[WHAT YOU HAVE TO DO]: Return the data exactly, without pictures.

DATASET EXCERPT: Begin

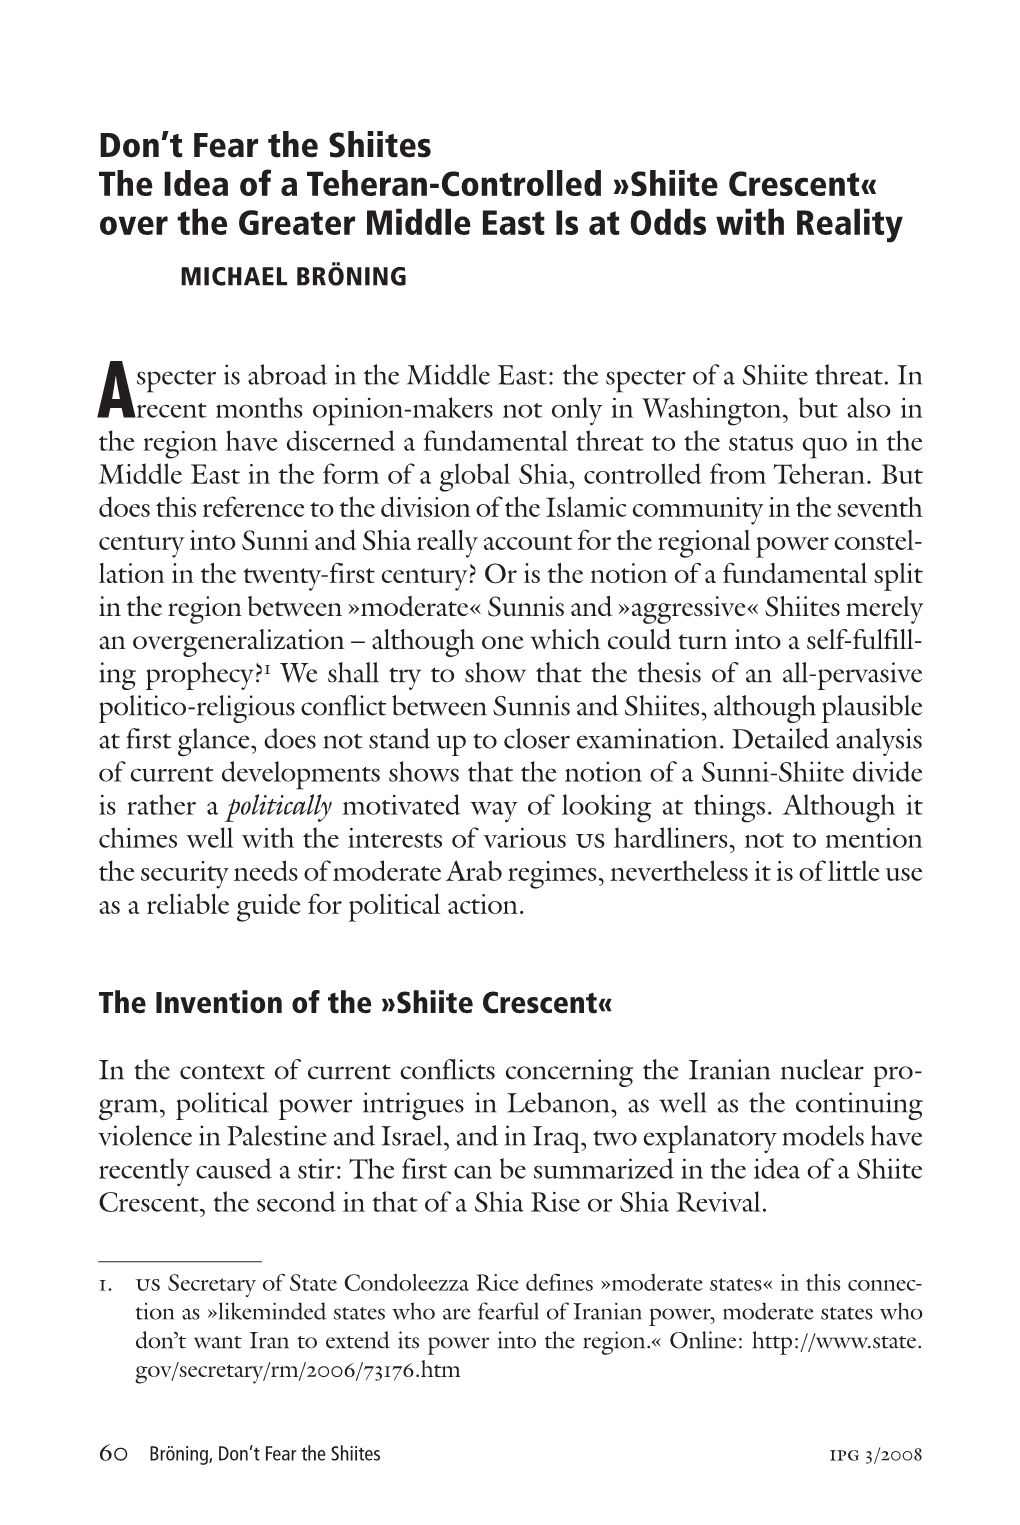 Shiite Crescent« Over the Greater Middle East Is at Odds with Reality MICHAEL BRÖNING
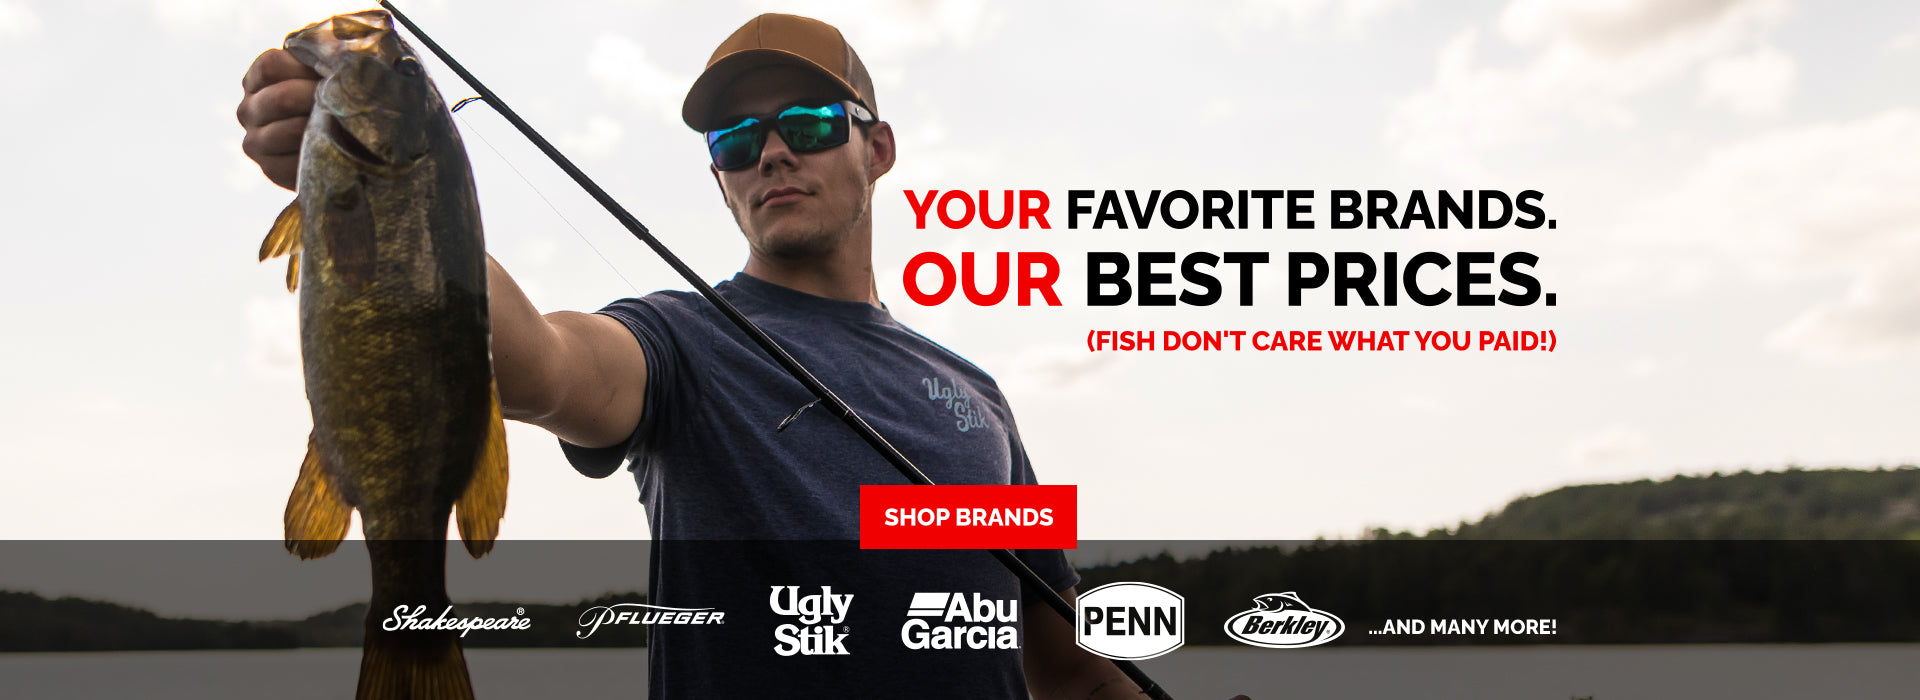 Your Favorite Brands. Our Best Prices.
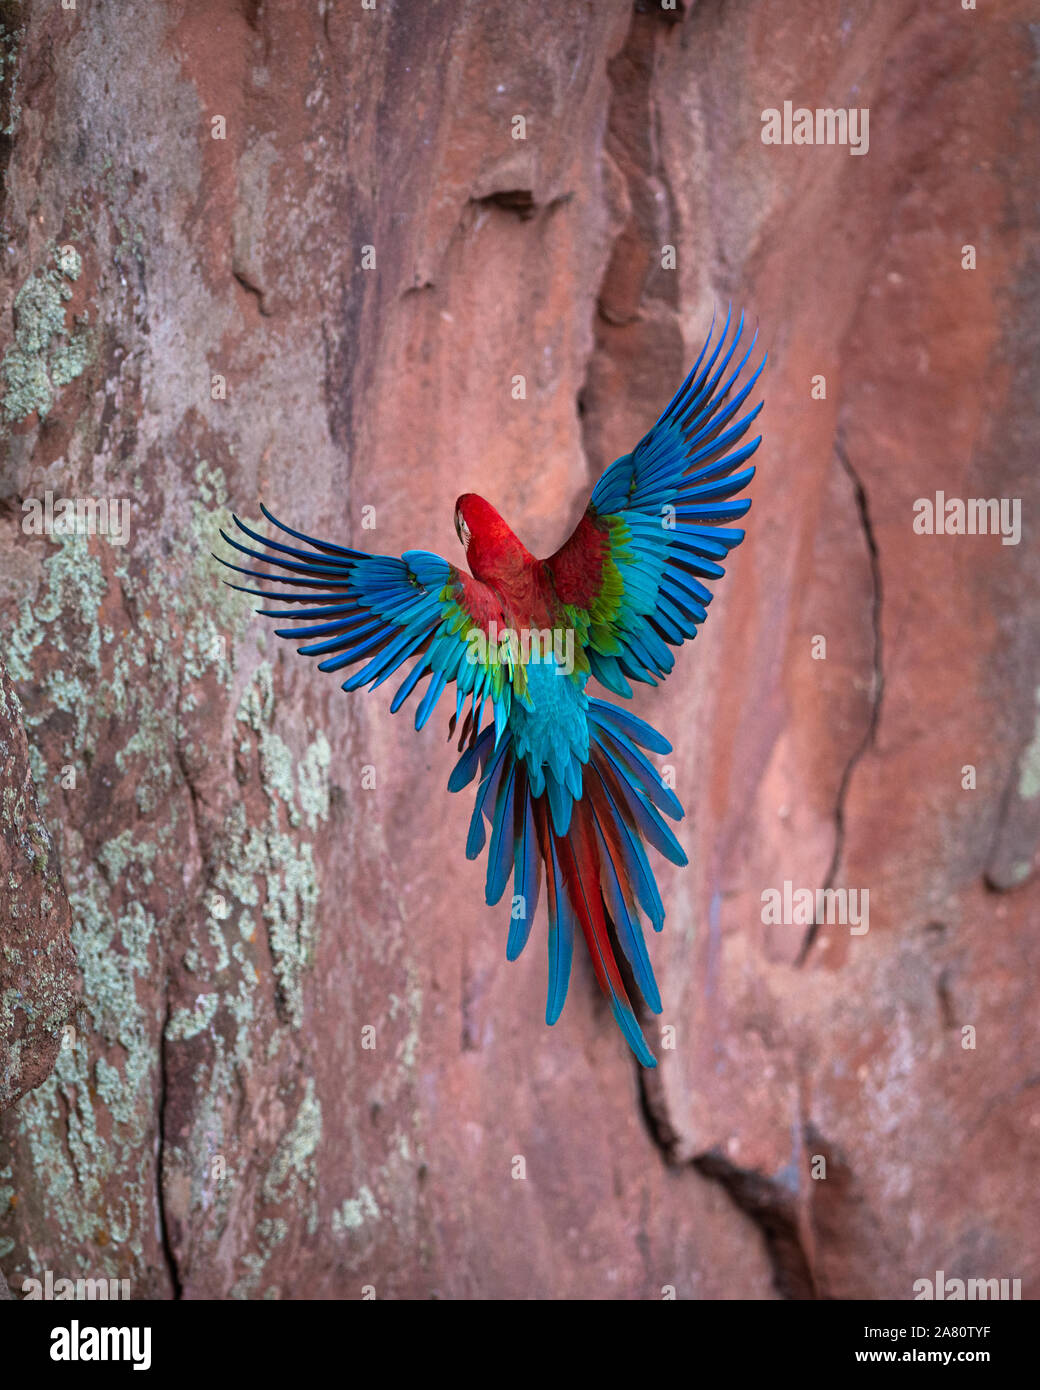 A Red-and-green Macaw about to perch at a sandstone wall in Central Brazil Stock Photo

DATASET EXCERPT: End

[WORKED SOLUTION]:
 Shiite Crescent« Over the Greater Middle East Is at Odds with Reality MICHAEL BRÖNING
 Your Favorite Brands. Our Best Prices.
 A Red-and-green Macaw about to perch at a sandstone wall in Central Brazil Stock Photo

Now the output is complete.